OOCs are devices the size of a USB flash drive. This is made possible thanks to the microchannel technology that harnesses volumes of the order of nanoliter and below. OOCs have three characteristics that allow them to better model a tissue or an organ:

1. The control of the 3D distribution of cells
2. The integration of different cell populations
3. And the possibility of generating and controlling biomechanical forces.

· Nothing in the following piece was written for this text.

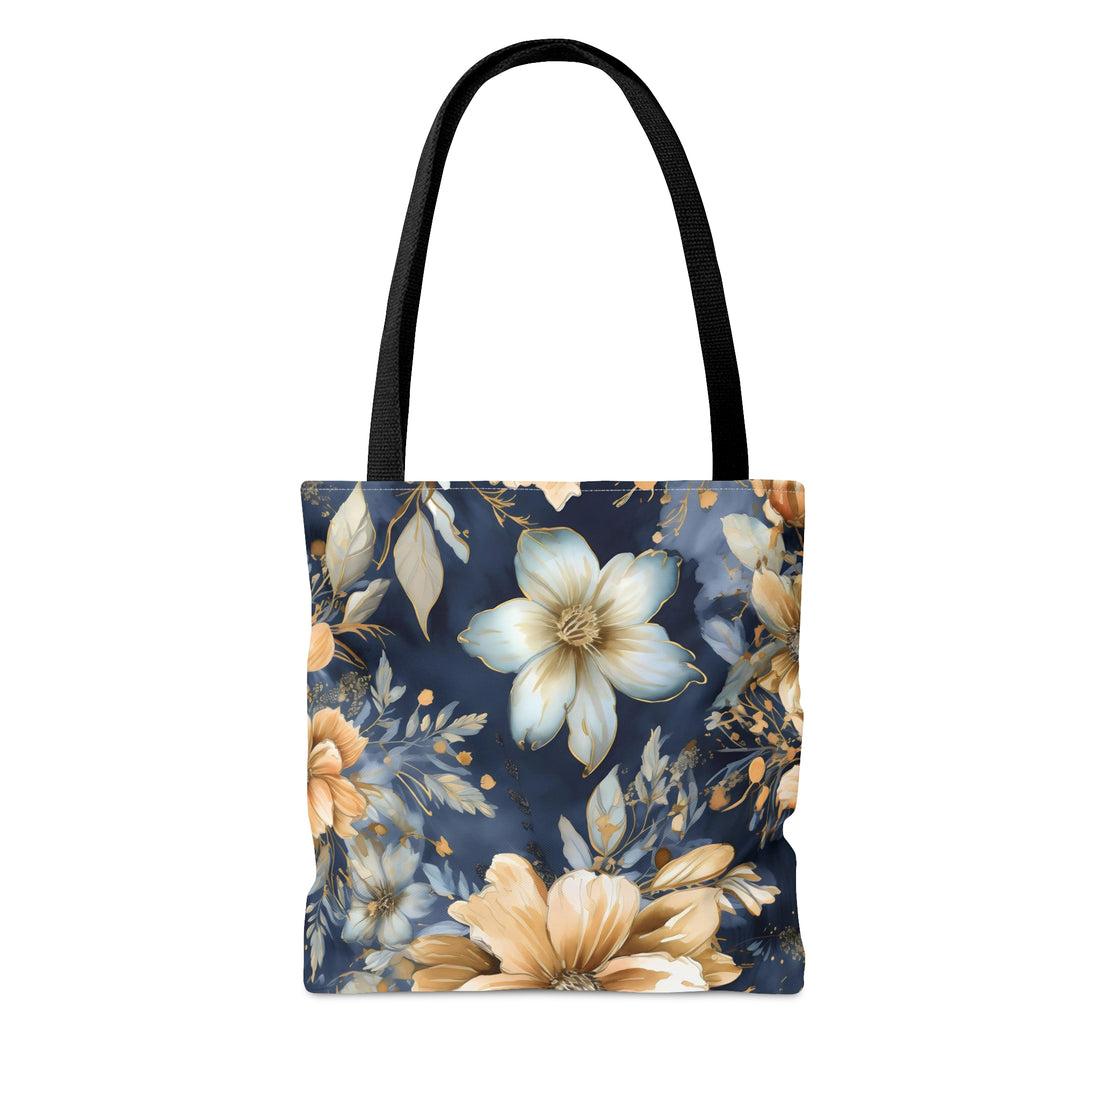 Blue and Beige Floral Tote Bag

This allows physiological conditions to be transcribed much more faithfully, compared to a static two-dimensional cell culture on a flat surface. There is no single design for OOC, but perhaps the easiest example to visualize is the lung OOC mimicking the air-alveolus interface. (see Figure 1).

Figure 1 : Illustration of an OOC mimicking the air-lung interface. A semi-permeable membrane separates the external environment from the pulmonary cells. The vacuum chamber makes it possible to mimic the diaphragm.

To date, different OOC have been designed, ranging from the liver to chronic obstructive bronchopneumopathy. Riahi et al. have developed a liver OOC, capable of assessing the chronic toxicity of a molecule by quantifying the evolution of certain biomarkers 3. Compared to 2D cultures, the OOC is more sustainable and generates data that could have only been observed in vivo. Another interesting model was developed by Zhang et al. and focuses on the heart and its cardiomyocytes 4. By integrating electrodes on the chip, the researchers were able to assess cell contraction, and evaluate the effectiveness and cardiotoxicity of certain drugs. If the adoption of the technology is successful, the OOC will be used as a complement to cellular tests and animal models, and may completely replace them.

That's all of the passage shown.